Cushioning the gold market against negative technical and bearish currency influences is ongoing inflows into the world's largest gold derivative instrument (GLD). On Friday, GLD's gold
holding rose by 2.09 tonnes which leaves those holdings near the highest level in a year. With the Commitments of Traders Futures and Options report as of February 23rd for Gold
showing the Non-Commercial and Non-reportable combined traders held a net long position of 196,913 contracts, the gold market was short term overbought especially into last week's
highs. The Commitments of Traders Futures and Options report as of February 23rd for Silver showed the Non-Commercial and Non-reportable combined traders held a net long position
of 71,962 contracts. Therefore even the silver market was short-term overbought and perhaps vulnerable to developing weakness in gold and or strength in the US Dollar.
PLATINUM
Like gold and silver we think the PGM complex has managed to throw off the vulnerable status seen at the end of last week. While a slight improvement in global macroeconomic
sentiment last week should have helped to cushion platinum and palladium, the focus of the precious metals complex has shifted 180 degrees with the fresh concern toward China back in
the headlines. Fortunately platinum is catching a lift from safe haven instead of being undermined by deteriorating physical demand expectations.
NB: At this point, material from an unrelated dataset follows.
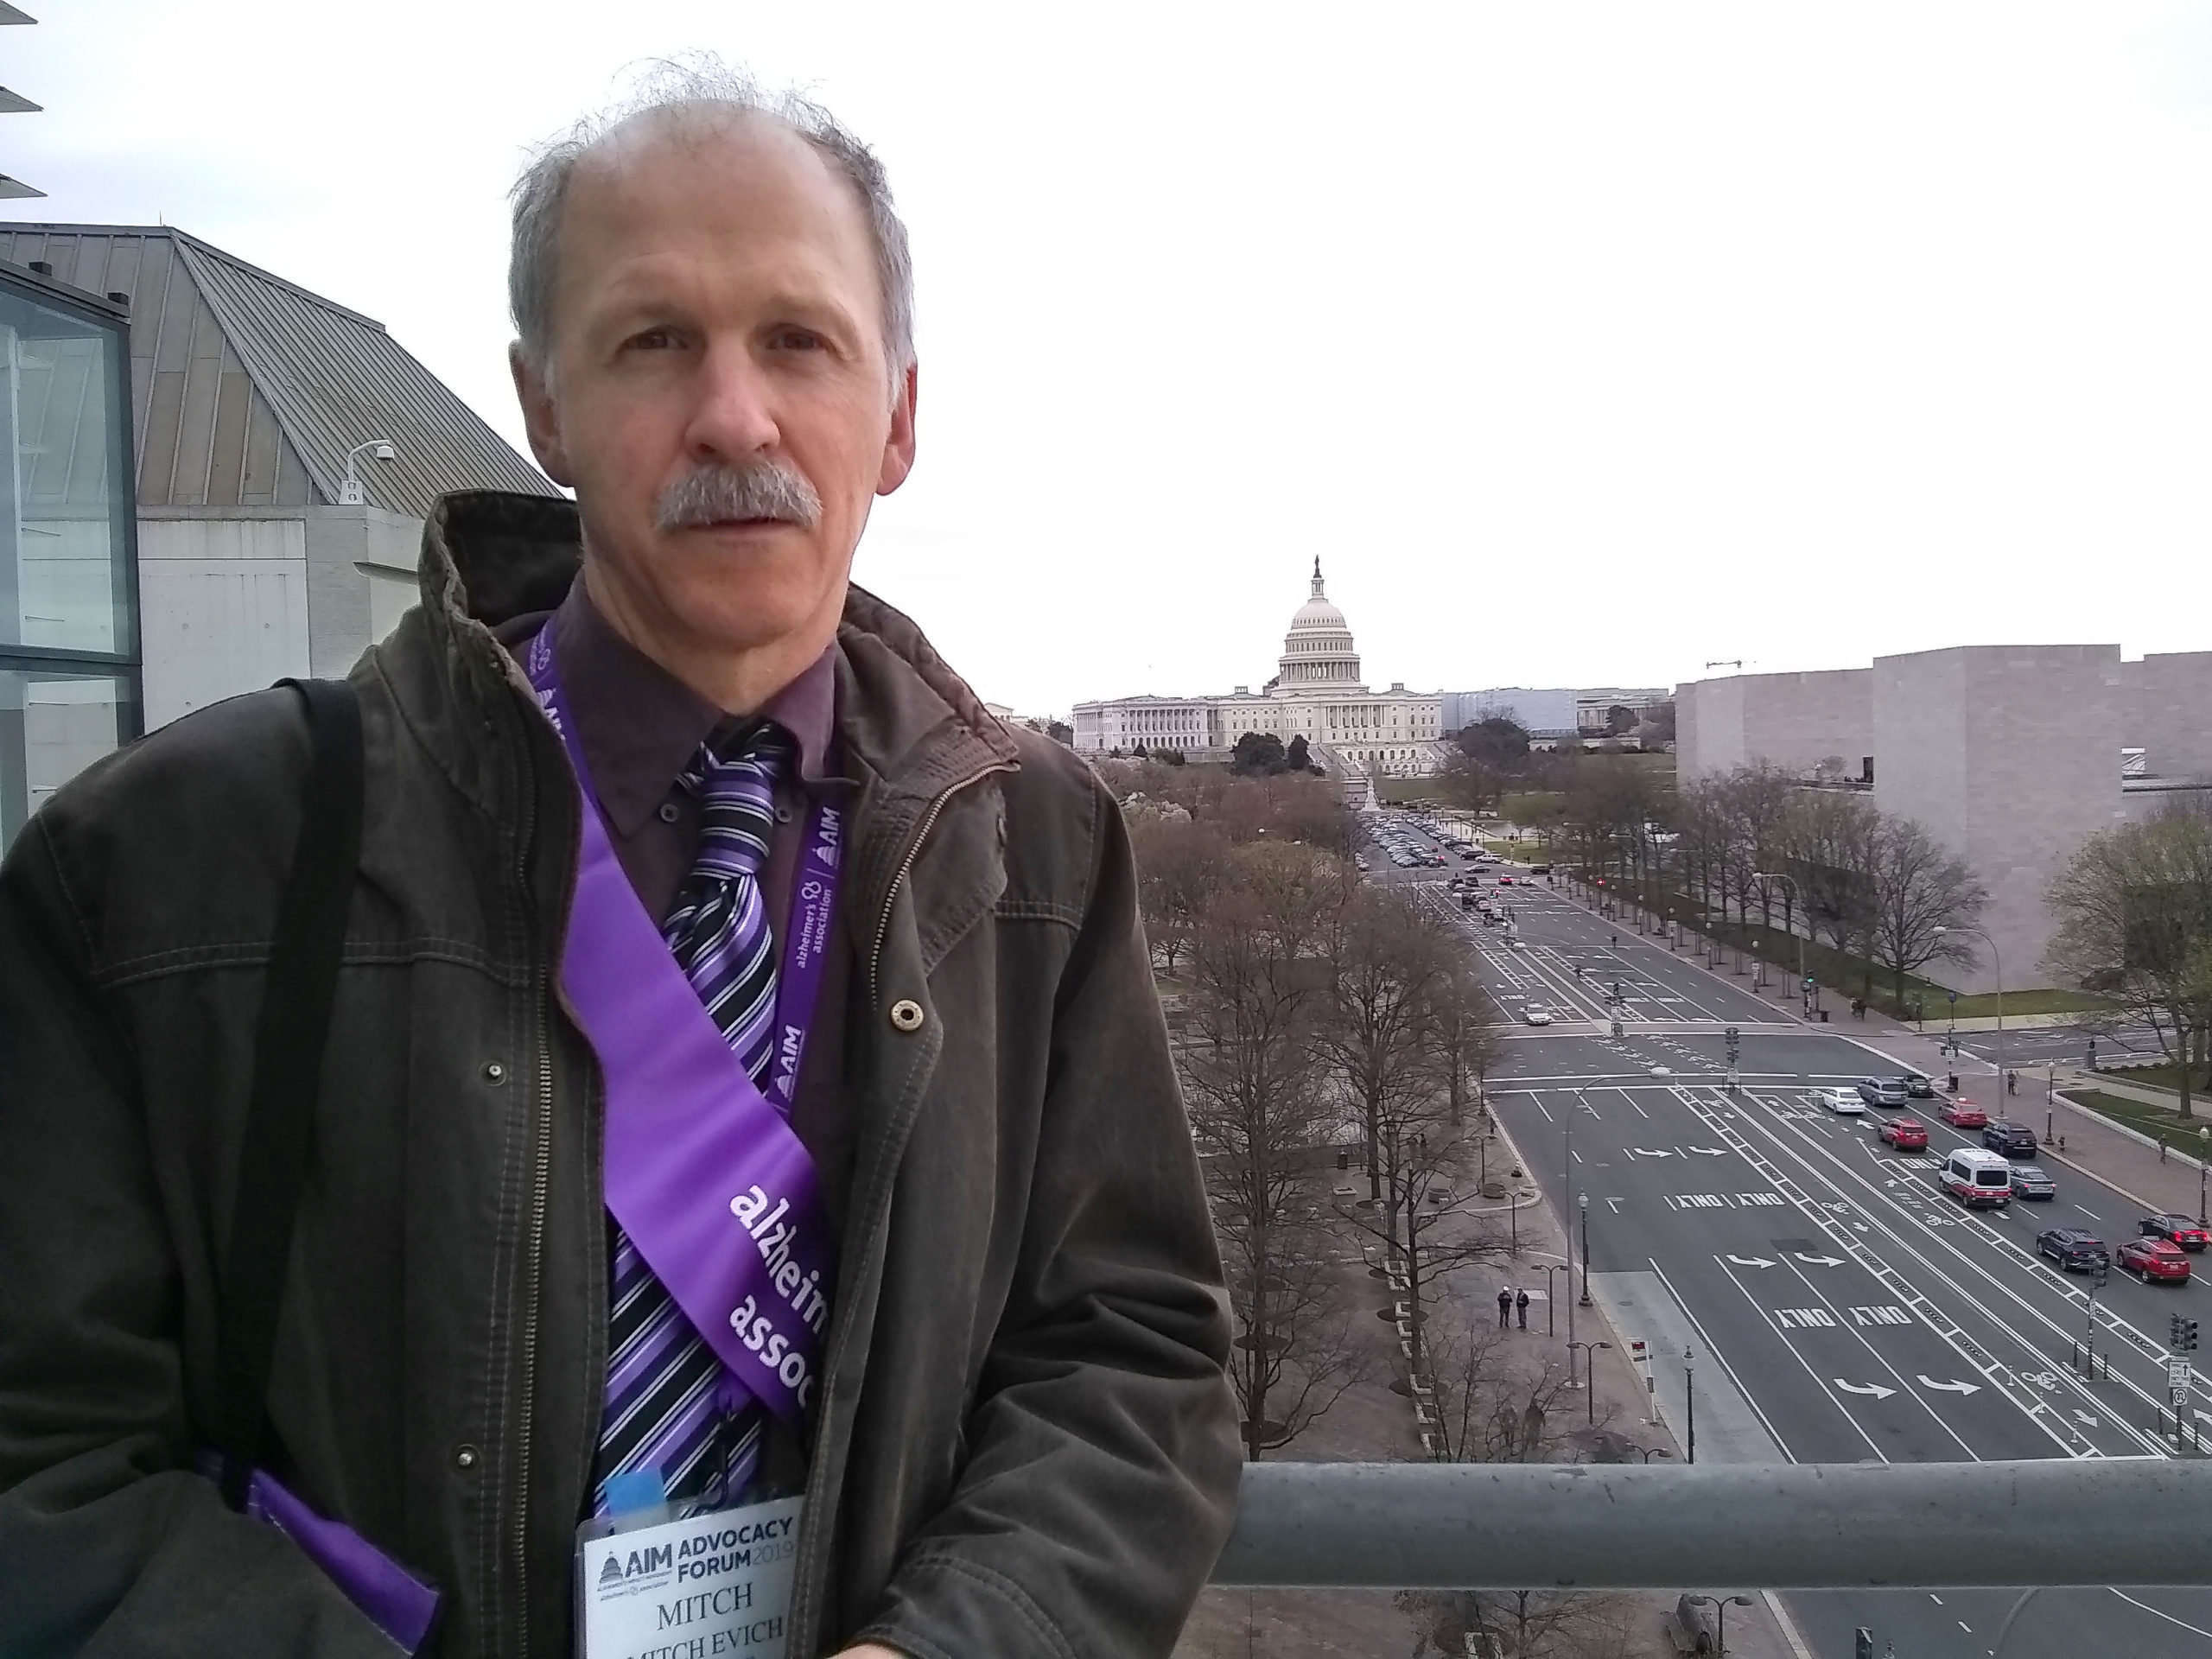 Mitch Evich, photographed at the Newseum overlooking the US capital 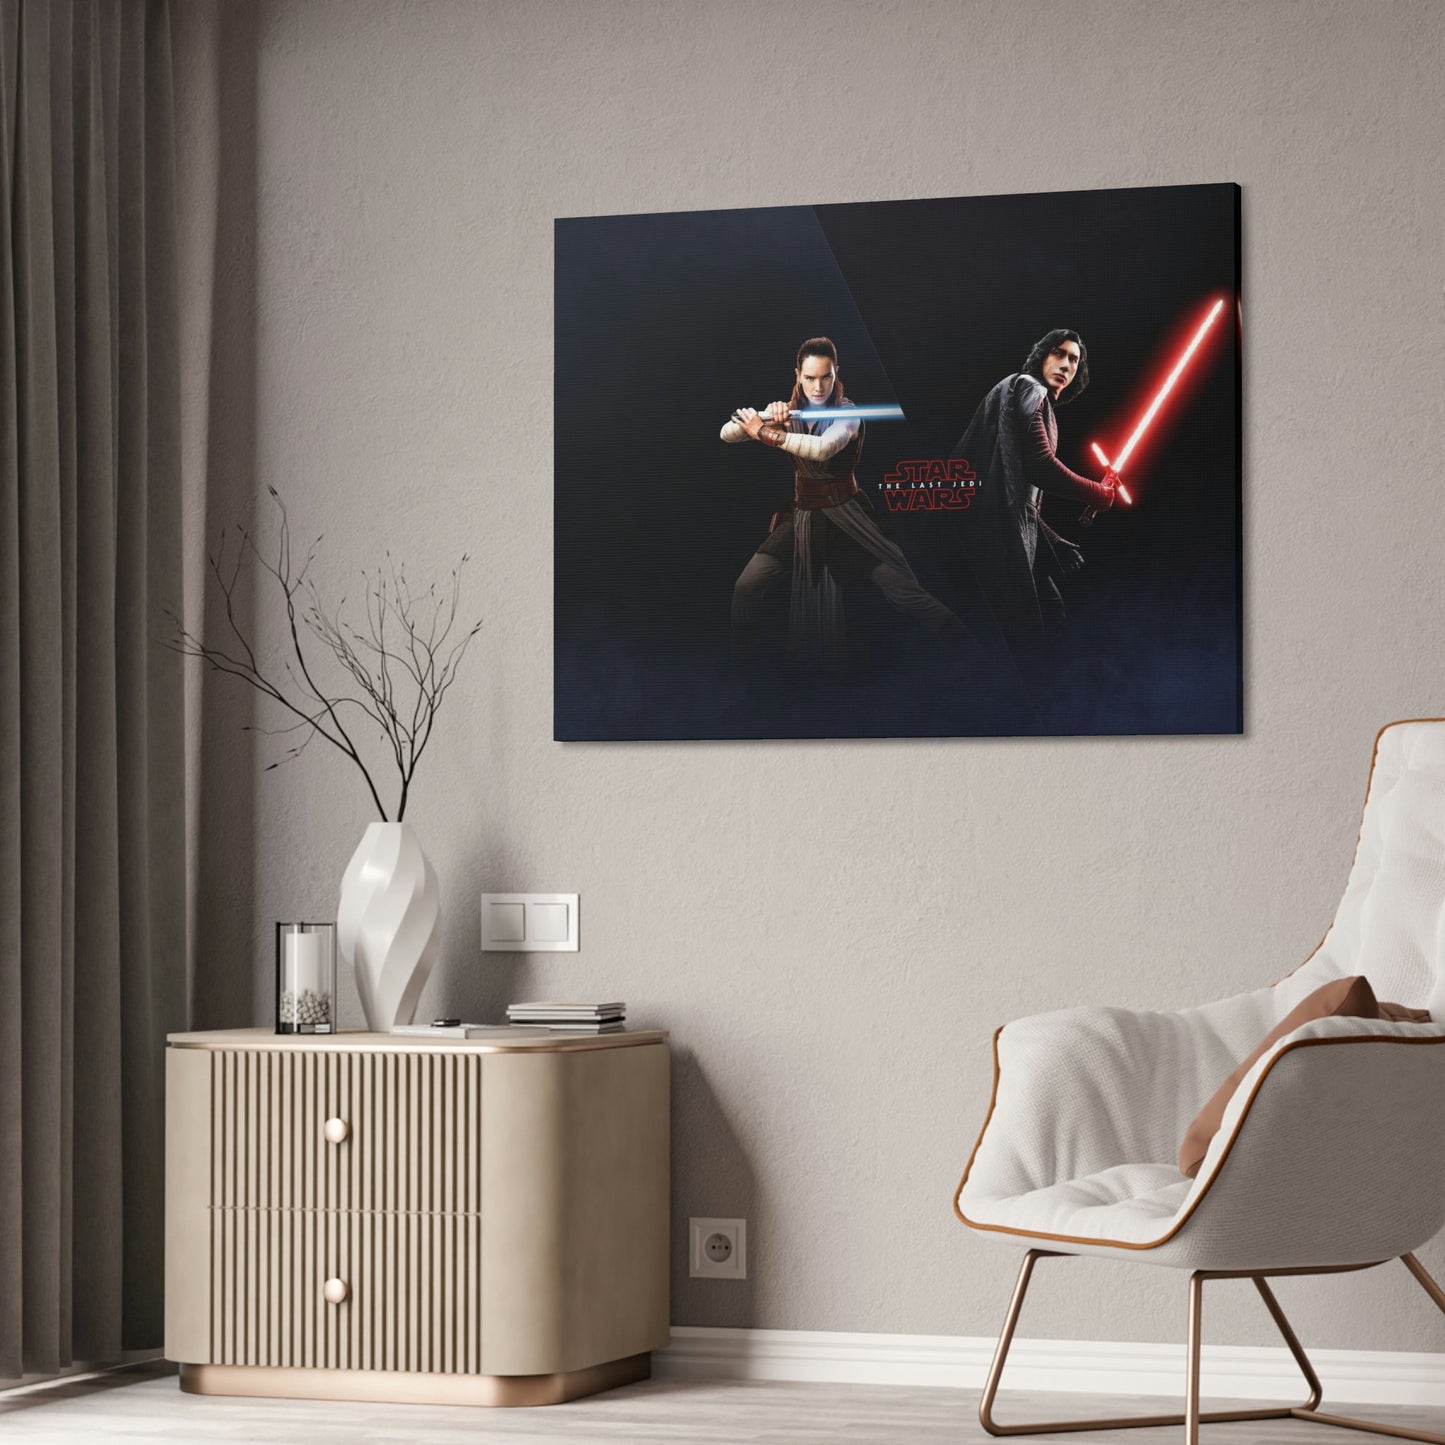 Battle for the Galaxy: Star Wars Wall Art on Canvas & Poster for Sci-Fi Fans

However, the Commitments of Traders
Futures and Options report as of February 23rd for Platinum showed the Non-Commercial and Non-reportable combined traders held a net long position of 37,284 contracts but that
reading is probably overstated given that prices into the overnight low were roughly $35 an ounce below the level where the COT report was compiled. On the other hand the
Commitments of Traders Futures and Options report as of February 23rd for Palladium showed the Non-Commercial and Non-reportable combined traders held a net long position of just
3,609 contracts and we suspect that positioning was been reduced further because the June contract to the overnight low was down $15 an ounce from the level where the COT report
was compiled. News that South African Anglo-American is planning job cuts highlights ongoing mining difficulties and that could foster ideas of tighter supplies ahead. In the end PGM
prices have decided to correlate with gold prices instead of industrial/physical fundamentals and that could make the overnight lows fairly solid.